Sweet news for cane growers: medical test could reduce fertiliser runoff


An Australian PhD scholar is applying human medical techniques to soil in a project likely to save sugar producers money and help protect the Great Barrier Reef.

Sugarcane is one of the least efficient crops in terms of nutrient uptake – a prospective monitoring technique could tell farmers exactly when and how much fertiliser to apply.
Credit: scienceimage/G Heath

The University of Queensland’s Richard Brackin is using a new technology for non-invasive micro-scale soil sampling that promises to change how cane growers fertilise their crops. It is likely to lead to significant reductions in fertiliser use without reducing crop quality or yield, and would lead to reduced nitrogen run-off to the Great Barrier Reef.

‘Micro-dialysis is an established medical and neurological technique, but has only recently been applied to soil,’ he said.

‘It has the potential to improve understanding of nutrient availability at the soil-root interface, as micro-dialysis is able to measure “flux rates”, or uptake of nutrients by plant roots.’

Richard recently won a Young Science and Innovation Award from the Sugar Research and Development Corporation. The award judges said Richard's work would deliver economic, environmental and social benefits for the sugarcane industry, and had positive implications for climate change, the environment (especially the Great Barrier Reef) and grower production costs.

Current soil-sampling methods provided only a snapshot of nutrient levels at a particular time, based on the manual extraction of soils, according to Richard.

‘Micro-dialysis monitors changes in nitrogen fertiliser after it has been applied to soil, by providing high-resolution real-time measurements of nitrogen fluxes and turnover at a micro-scale.

‘Positioning micro-dialysis membranes in close proximity to sugarcane roots will allow more detailed analysis of the rapid nitrogen transformations that occur after fertiliser application in sugarcane soil, can measure the preferential uptake of particular forms of nitrogen by roots.

‘This technique is highly innovative and generates data that cannot be produced using current soil techniques.’

Sugarcane is one of the least efficient crops in terms of nutrient uptake, and scientists estimate that sugarcane crops acquire only about 50 per cent of applied nitrogen fertiliser.
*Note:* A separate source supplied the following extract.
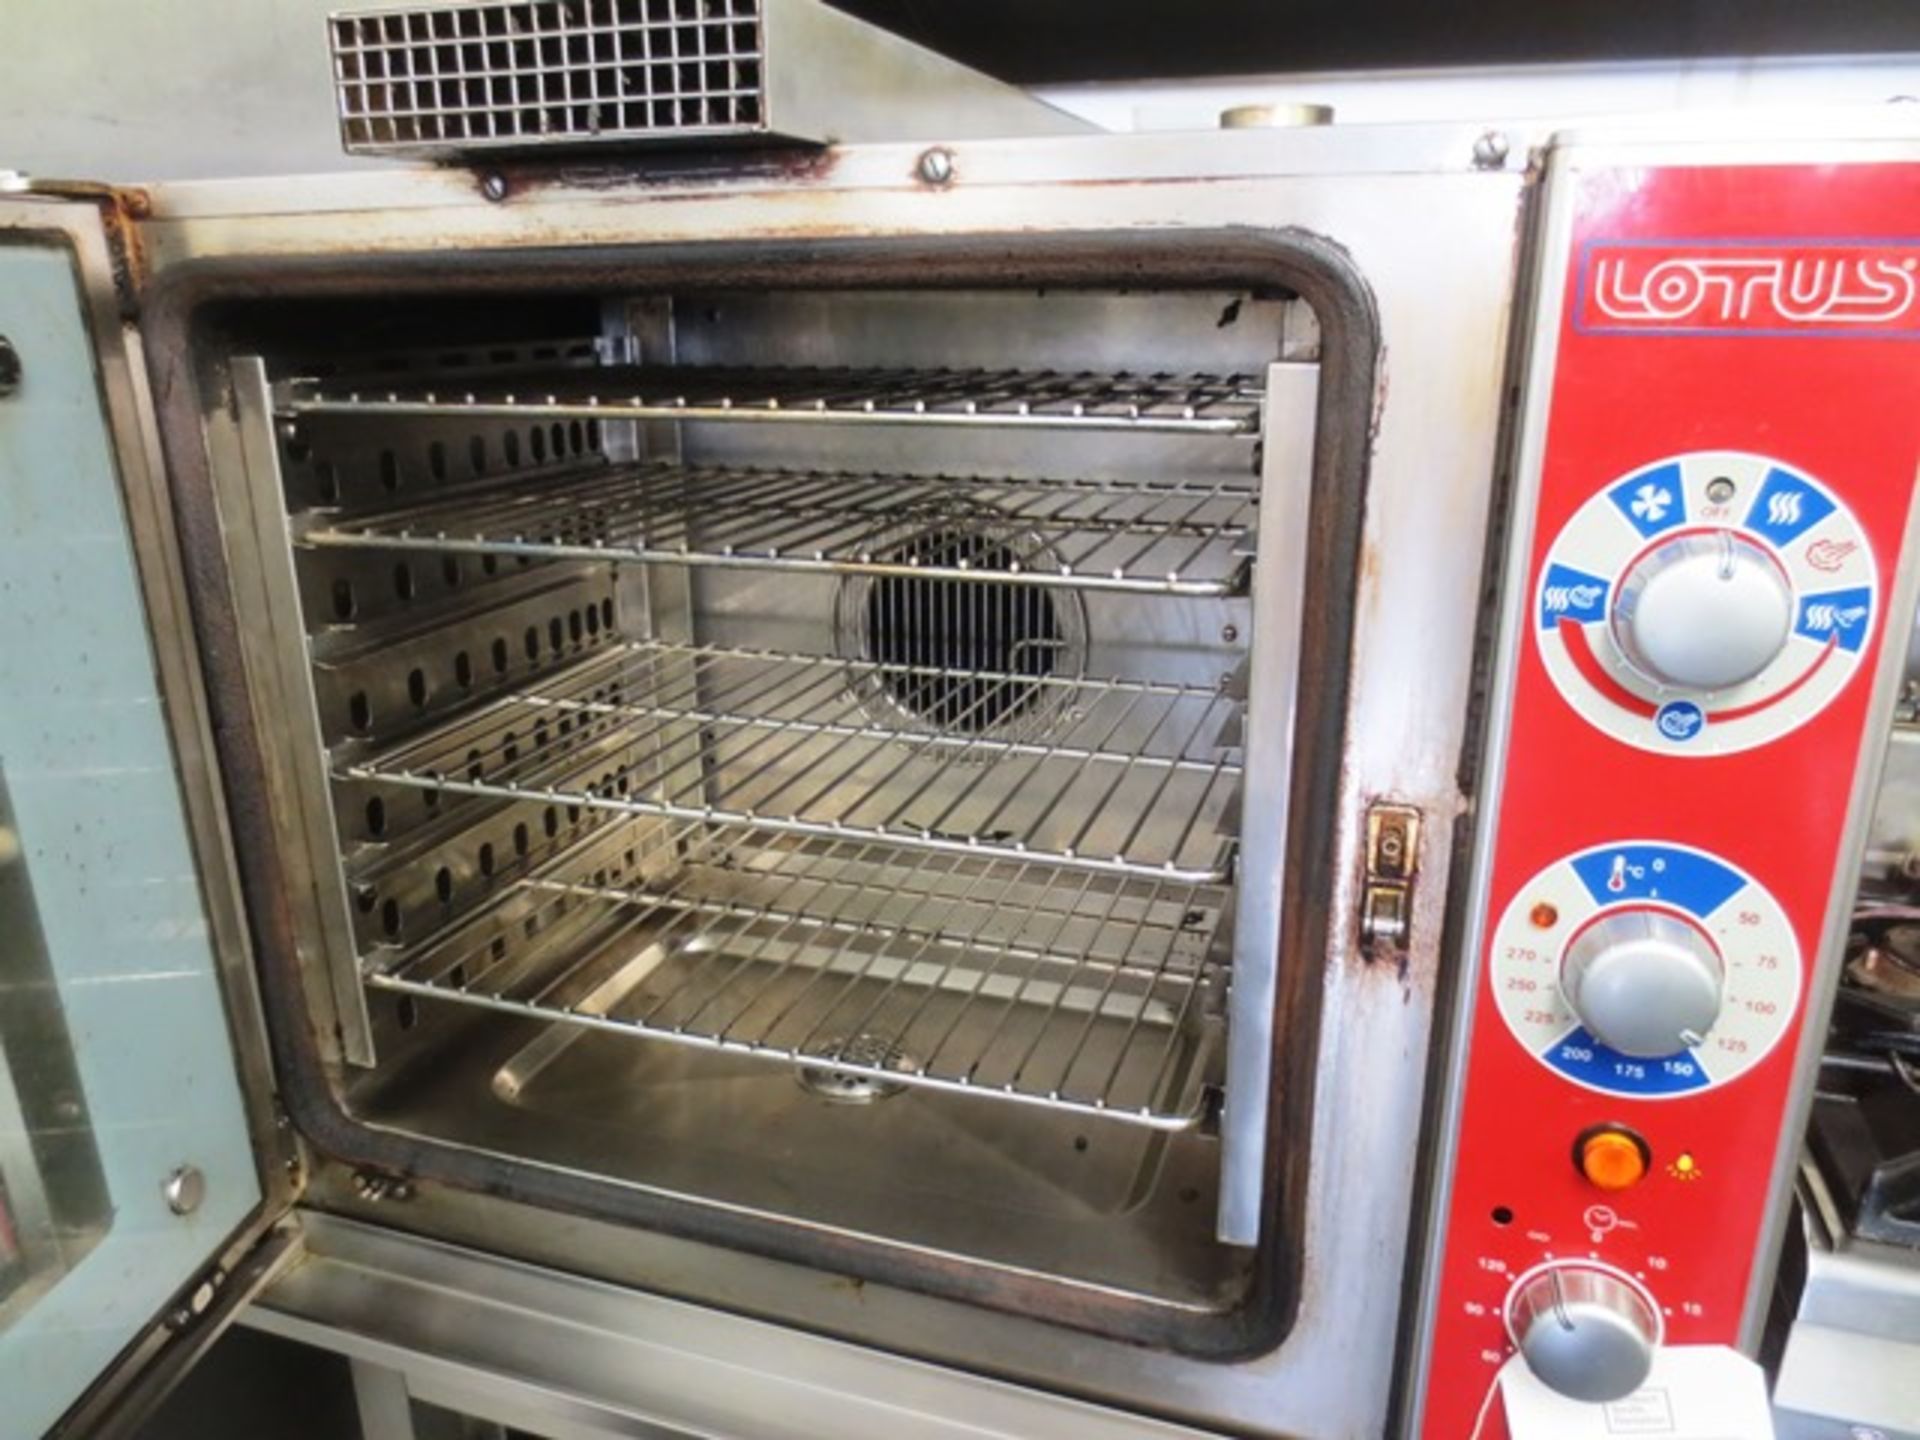 Lotus stainless steel glass fronted combi oven (3 phase), approx dimensions: 880 x 880 x 880mm ( - Image 3 of 4

Fertiliser is largely applied as a single application of urea, but soil microbes rapidly transform this into different nitrogen forms.

‘The resulting rapid fluxes of each nitrogen pool make quantification difficult using traditional methods, and this knowledge gap contributes to difficulty matching nitrogen supply to plant demand,’ Richard said.

‘As a result, fertiliser inputs generally exceed crop use, which means the grower is wasting money, and run-off could damage the environment.

‘The outcome of my research will assist grower decision-making about what fertiliser types to use, application rates and timing.’